In general people’s freedom of movement was restricted: anyone who wanted to leave a sovereign territory or even his home town or village needed both a passport and a permit. This regulation did not apply to the nobility, the clergy and civil servants. But that did not mean that the people of the early modern period were not mobile. On the one hand there was migration of labour – for example the travels undertaken by journeymen. On the other hand in most cases the authorities simply did not have sufficient means to keep an effective check on people’s movements.

Until the eighteenth century the right to collect customs duties and tolls was a right conferred by a sovereign prince. In the 1760s Maria Theresia had numerous internal tariffs abolished, and in 1775 a legal distinction between duties and tolls was made for the first time. In contrast to customs duties, it was laid down that the revenue from tolls had to be used for the maintenance of roads and bridges.

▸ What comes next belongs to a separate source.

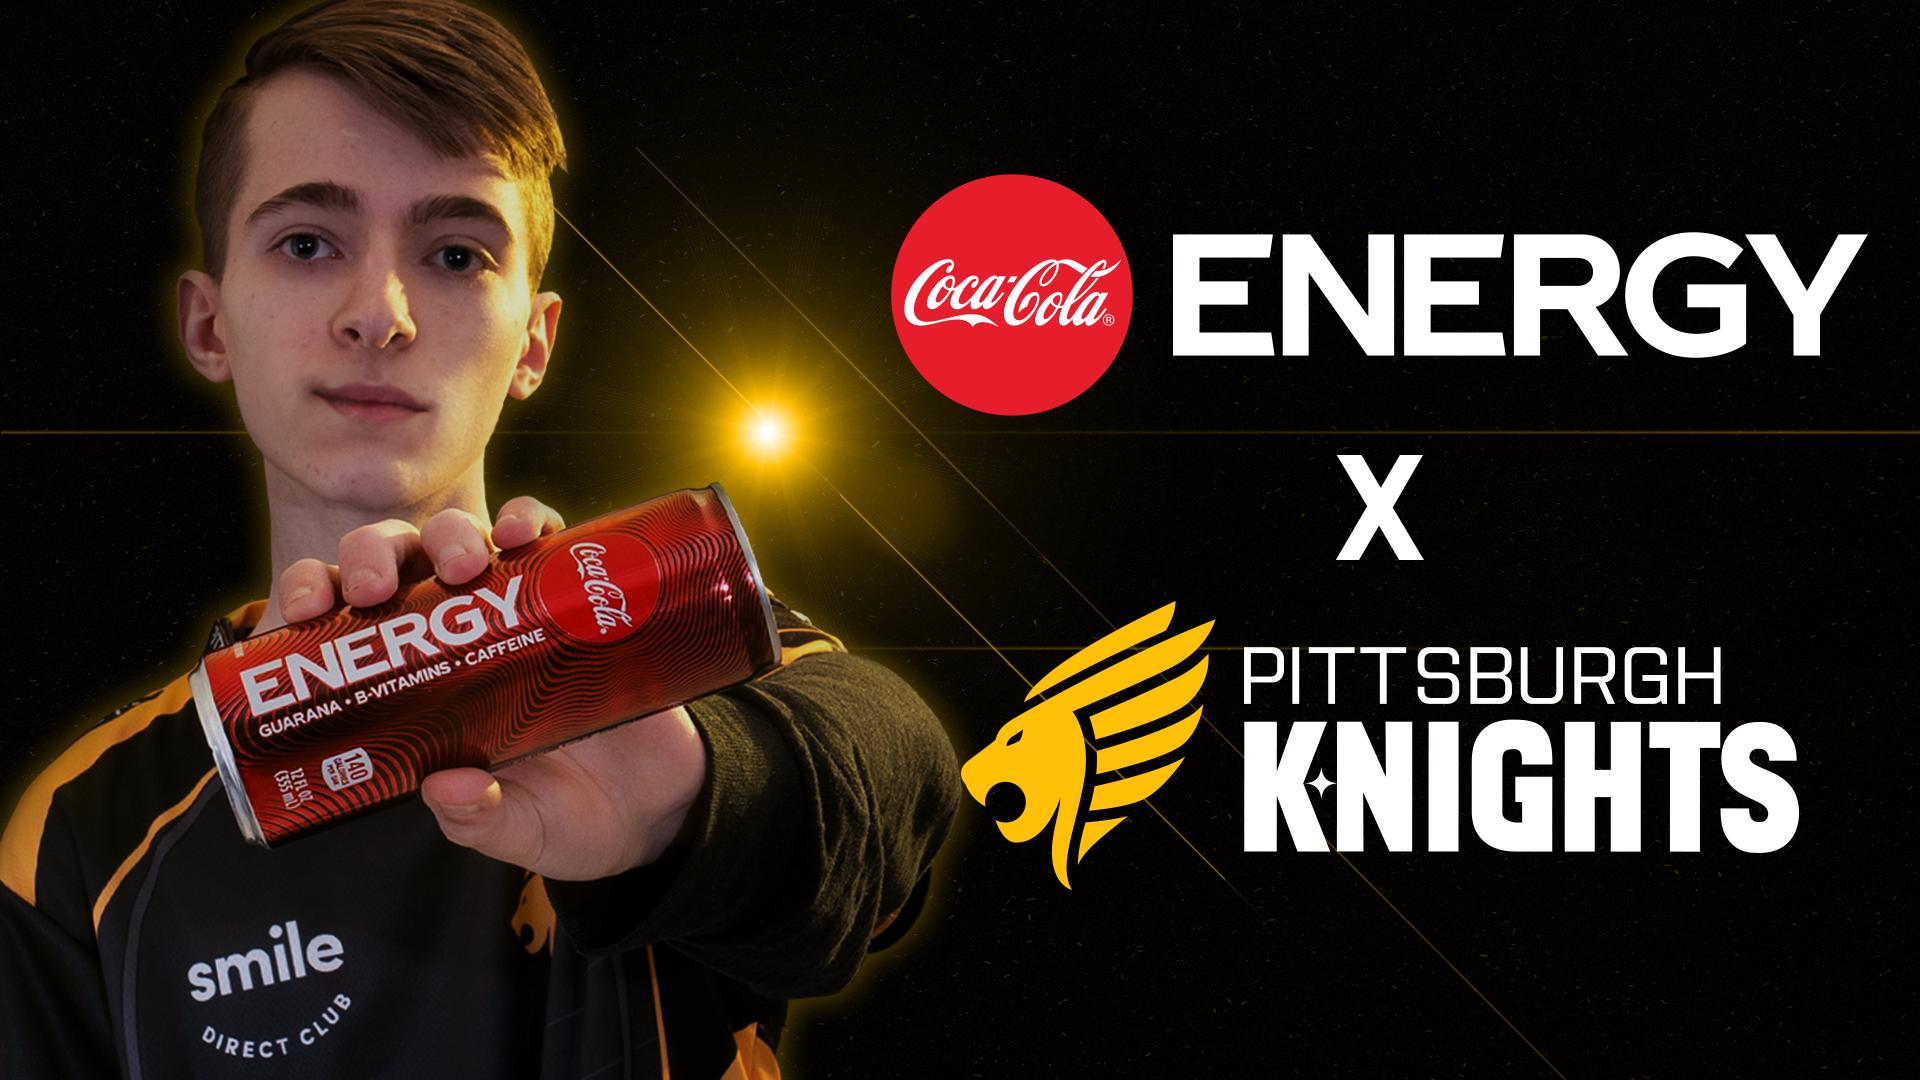 Pittsburgh Knights Coca-Cola

Tolls were levied when people, animals or vehicles entered a ‘foreign’ territory, that is to say one outside their home jurisdiction, or made use of certain bridges, canals or roads. Toll stations had to be at least four miles (the equivalent of thirty kilometres) apart. So-called ‘fortified toll posts’ were intended to prevent people simply avoiding the toll stations.

Despite the abolition of internal tariffs there were as many as sixty toll stations just on the Danube between Ulm and Vienna until well into the nineteenth century. In addition to the bridge, road and waterway tolls there were the so-called ‘line tolls’, which were levied at city boundaries. Customs duties levied on import, export and transit goods were on the other hand charged at a customs ‘line’.